_Collected material_.
########################################

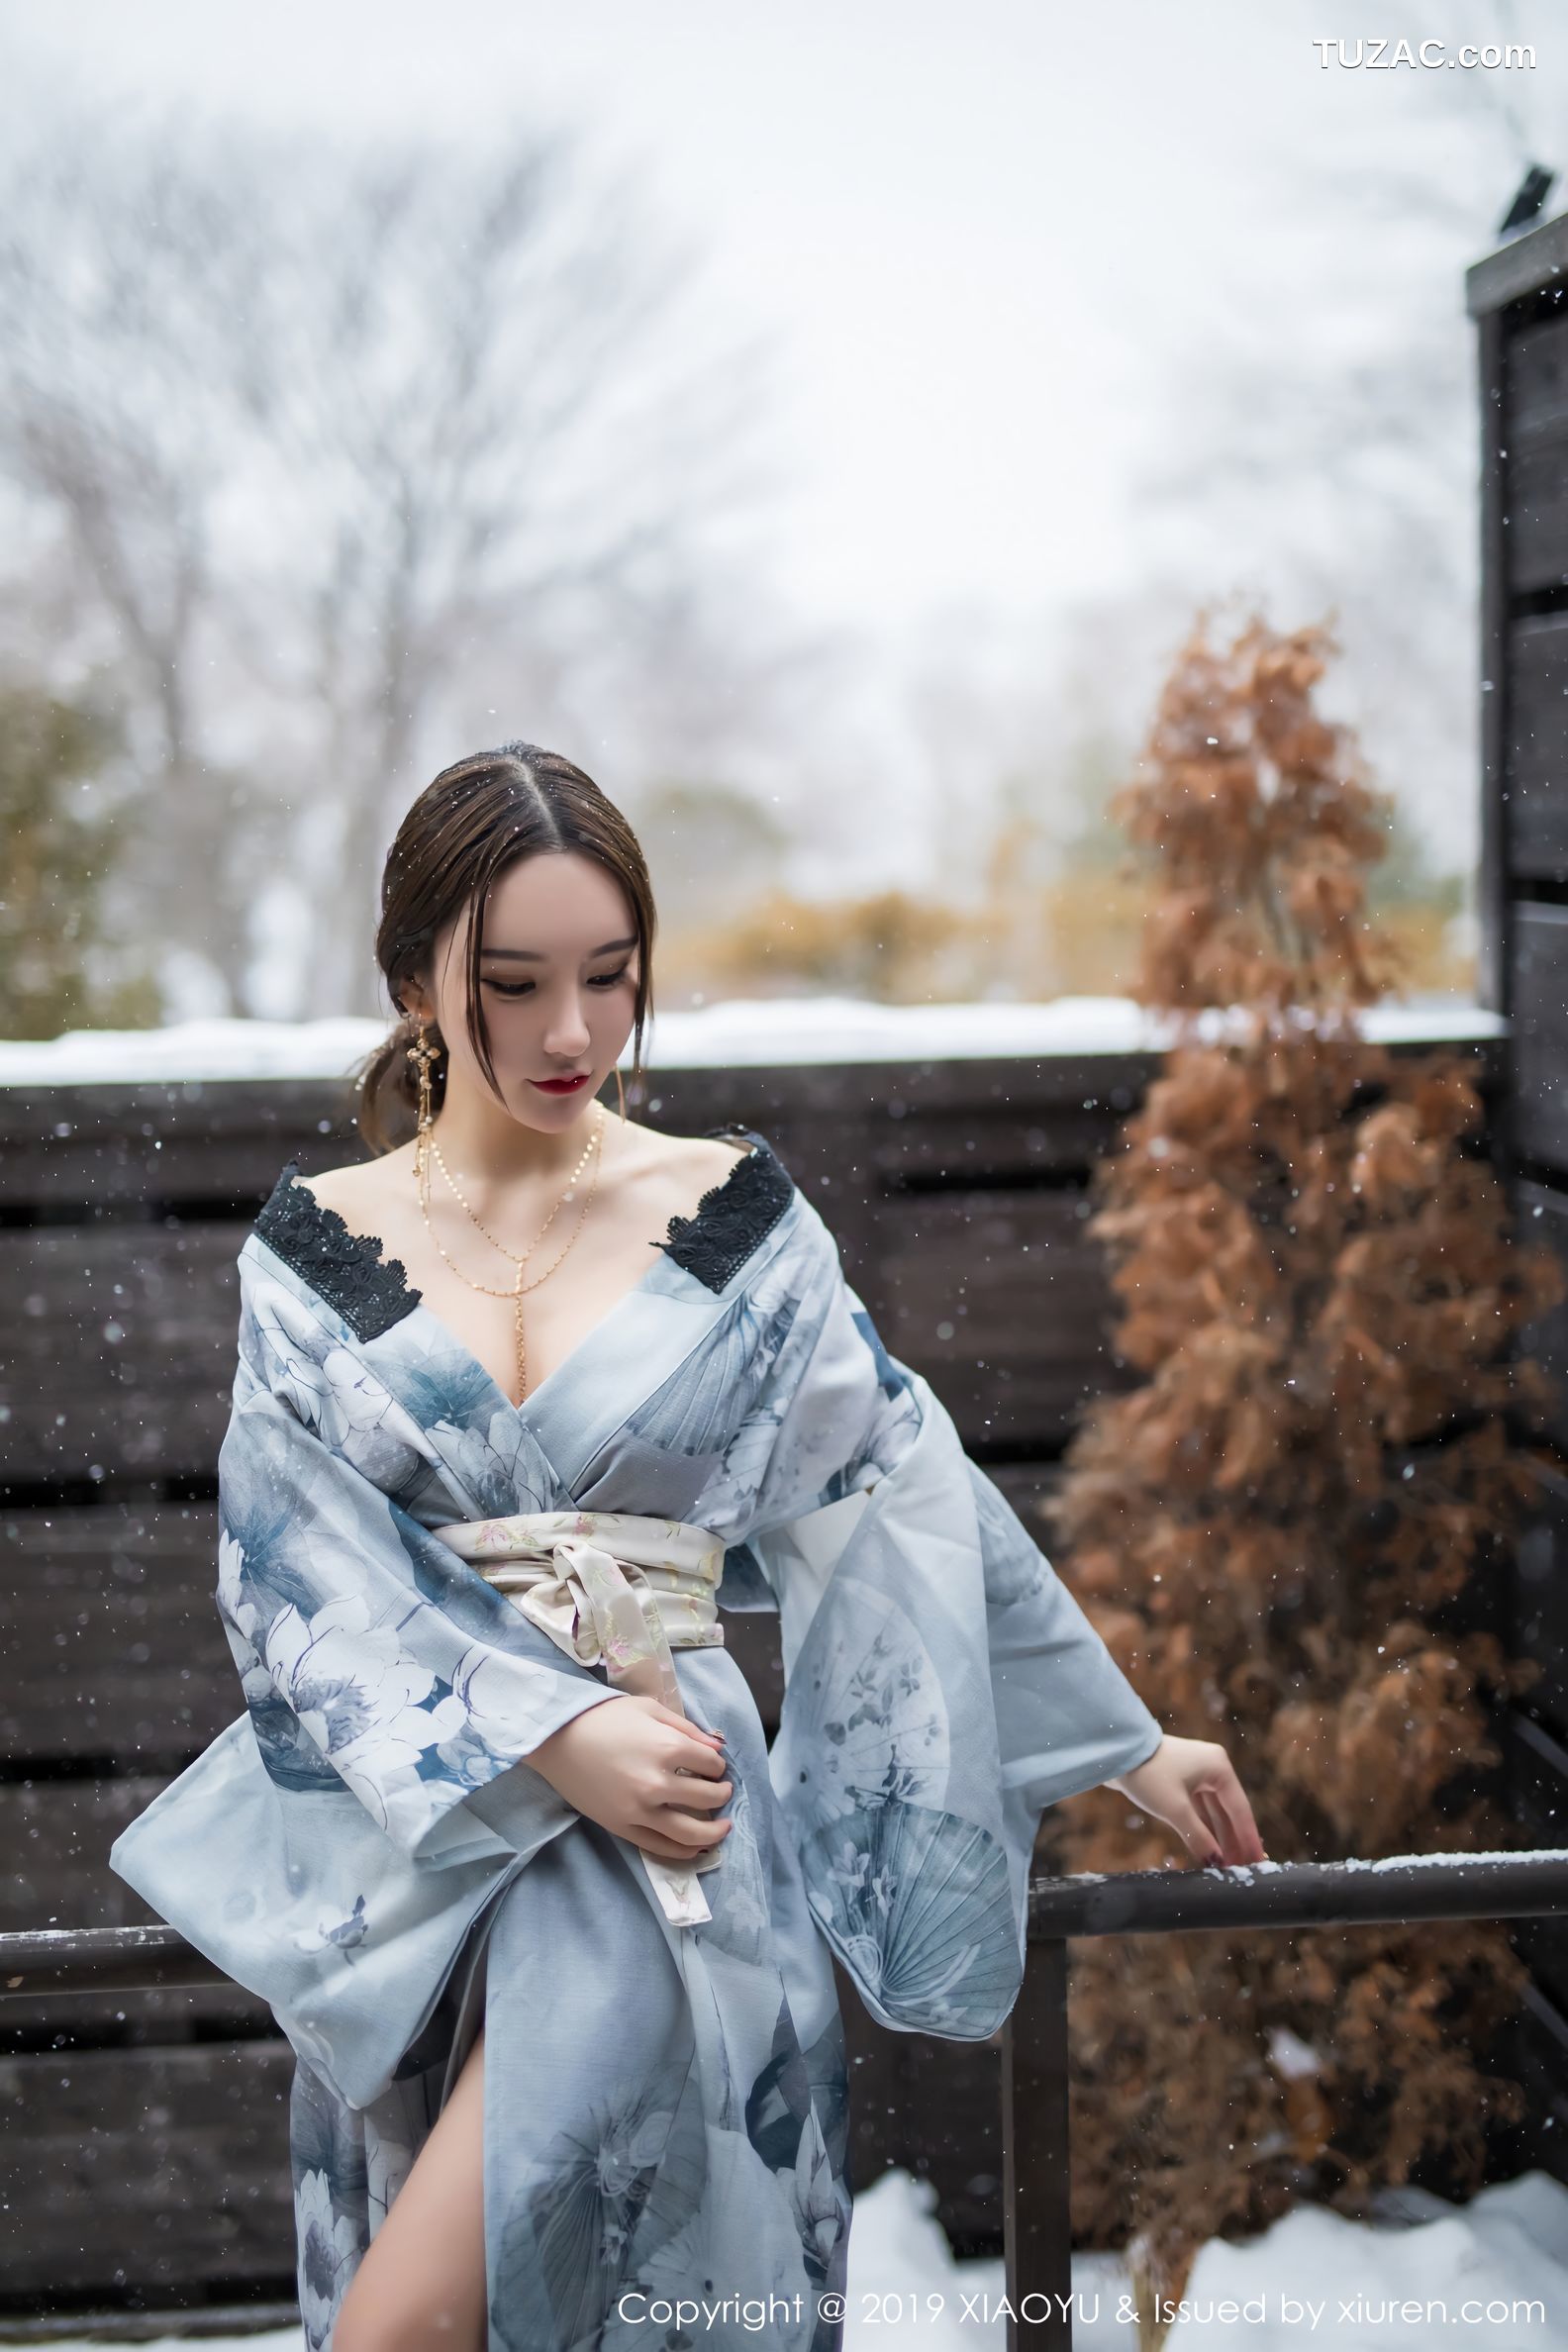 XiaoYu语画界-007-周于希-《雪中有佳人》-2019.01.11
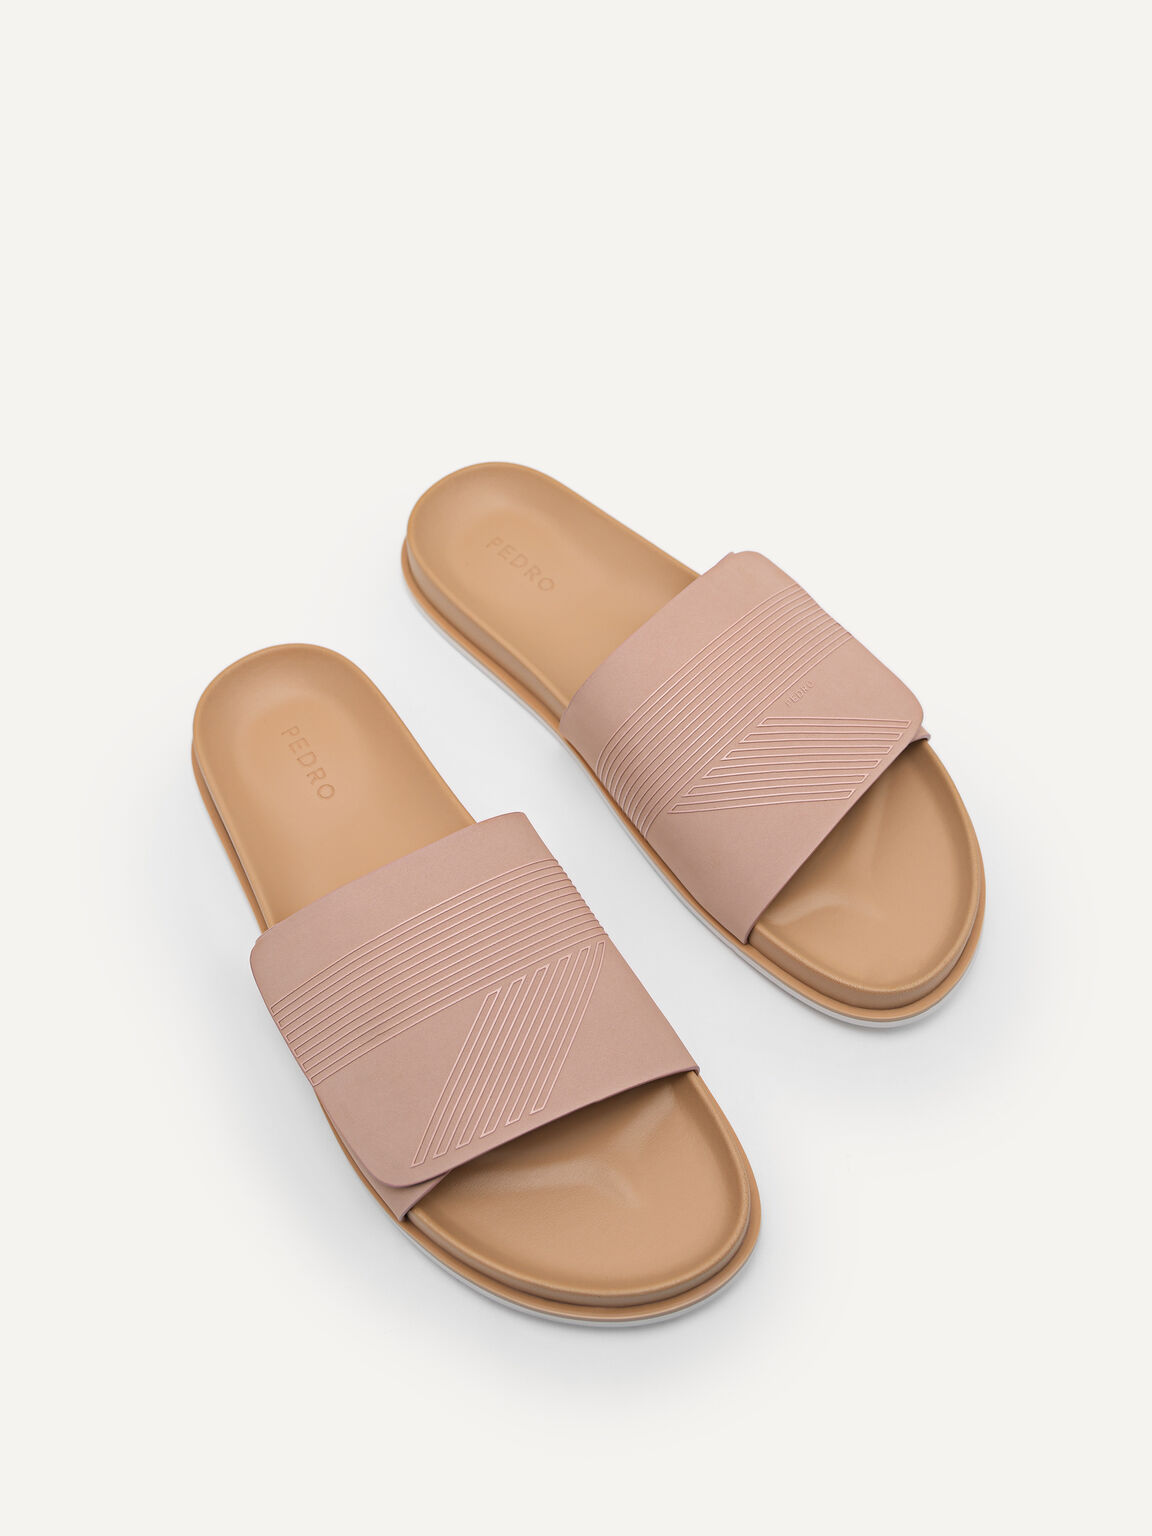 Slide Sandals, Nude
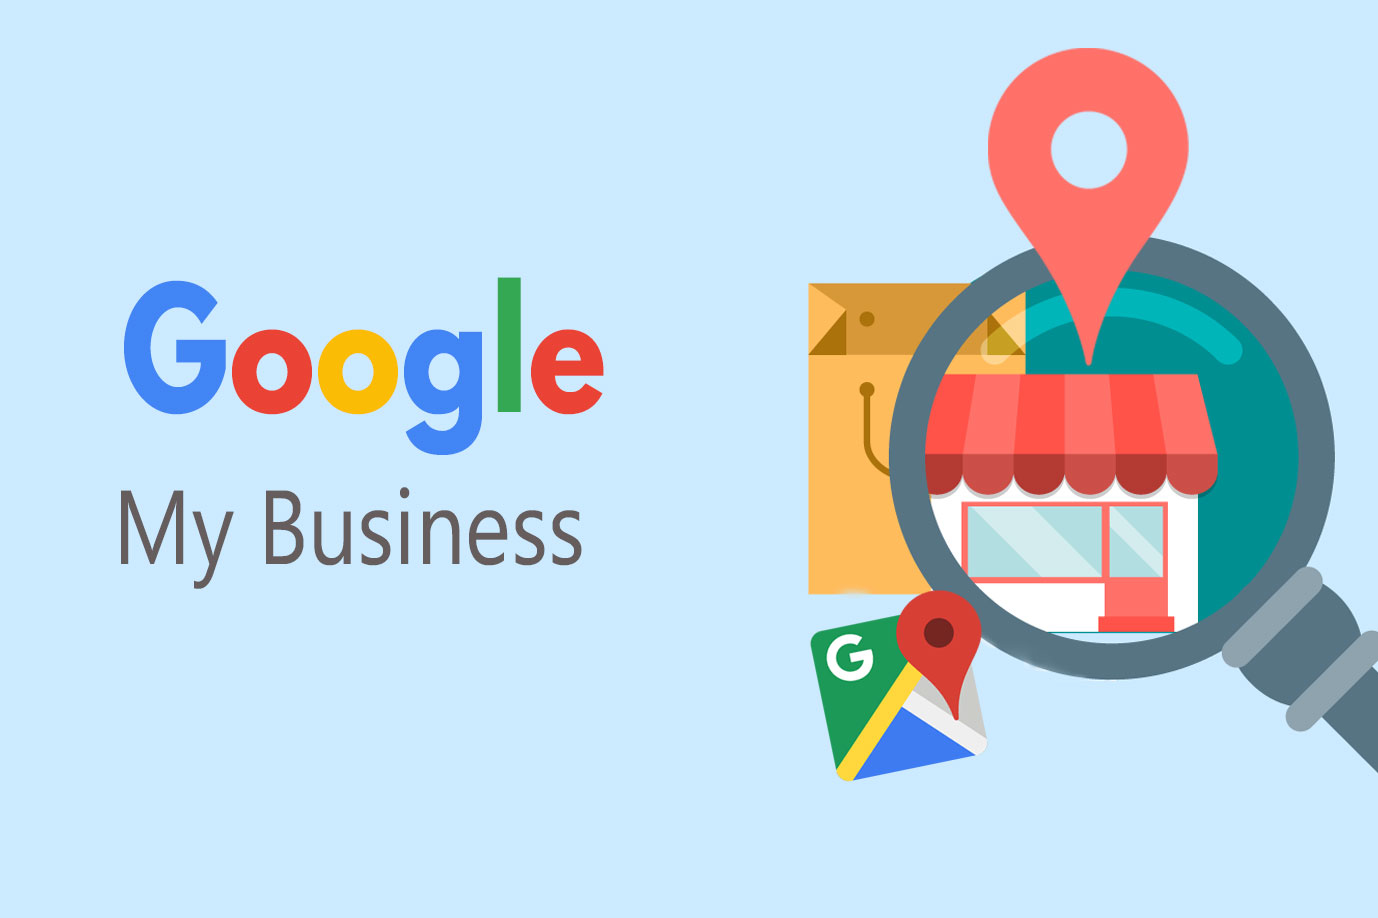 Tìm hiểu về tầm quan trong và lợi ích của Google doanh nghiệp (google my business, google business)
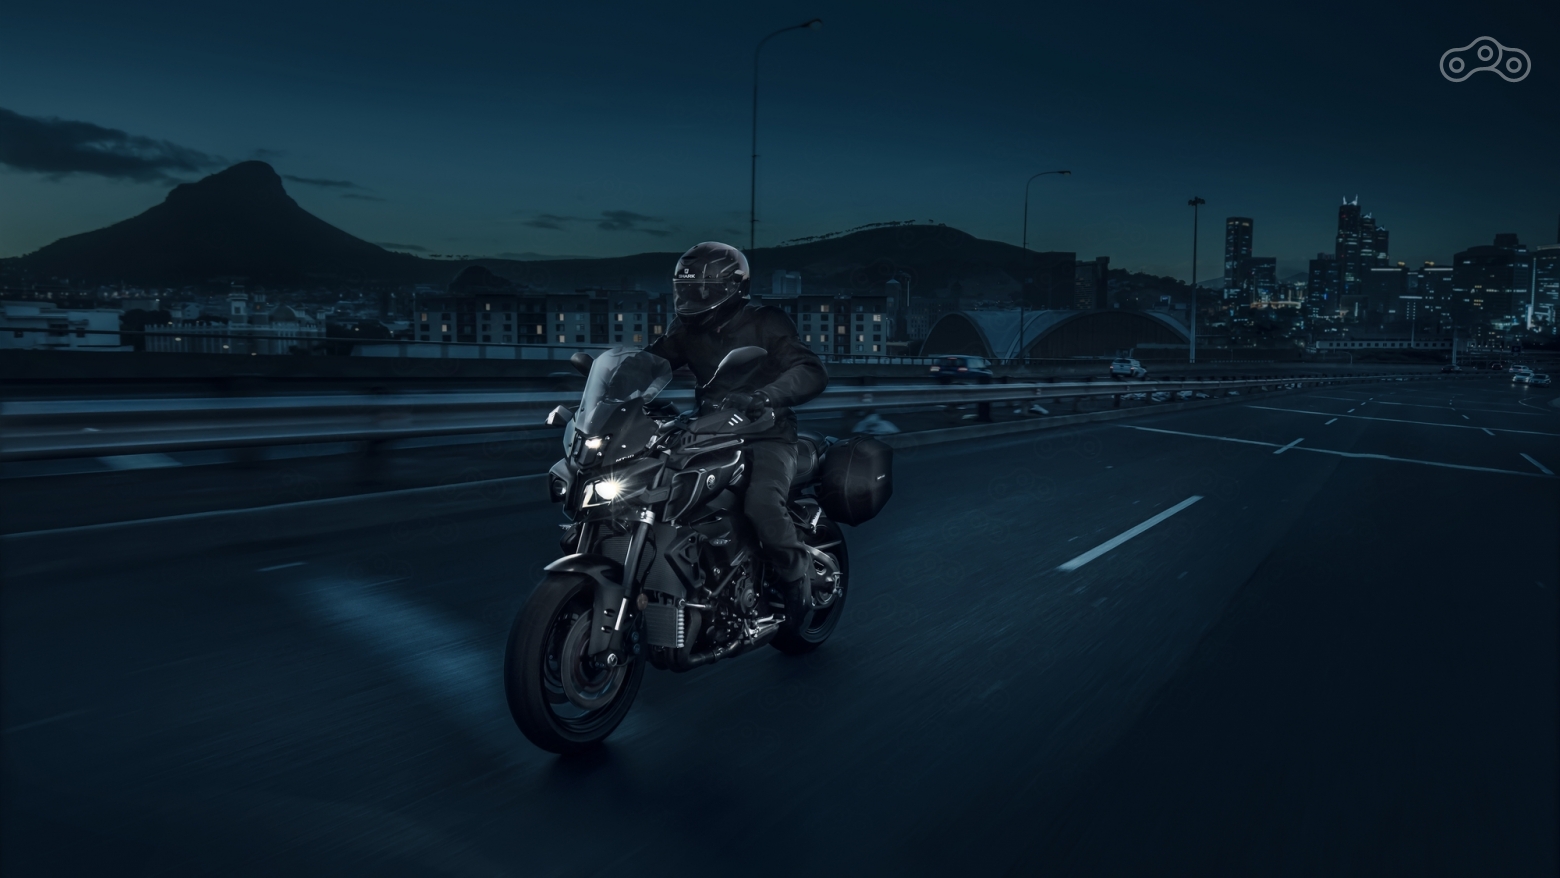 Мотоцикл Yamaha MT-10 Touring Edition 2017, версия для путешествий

########################################

_Work request_. Copy exactly the lines running from the line with "Tìm hiểu về" to the final line of the listing, keeping both ends and dropping any picture.

_Solution to this exercise_.
 Tìm hiểu về tầm quan trong và lợi ích của Google doanh nghiệp (google my business, google business)
 Мотоцикл Yamaha MT-10 Touring Edition 2017, версия для путешествий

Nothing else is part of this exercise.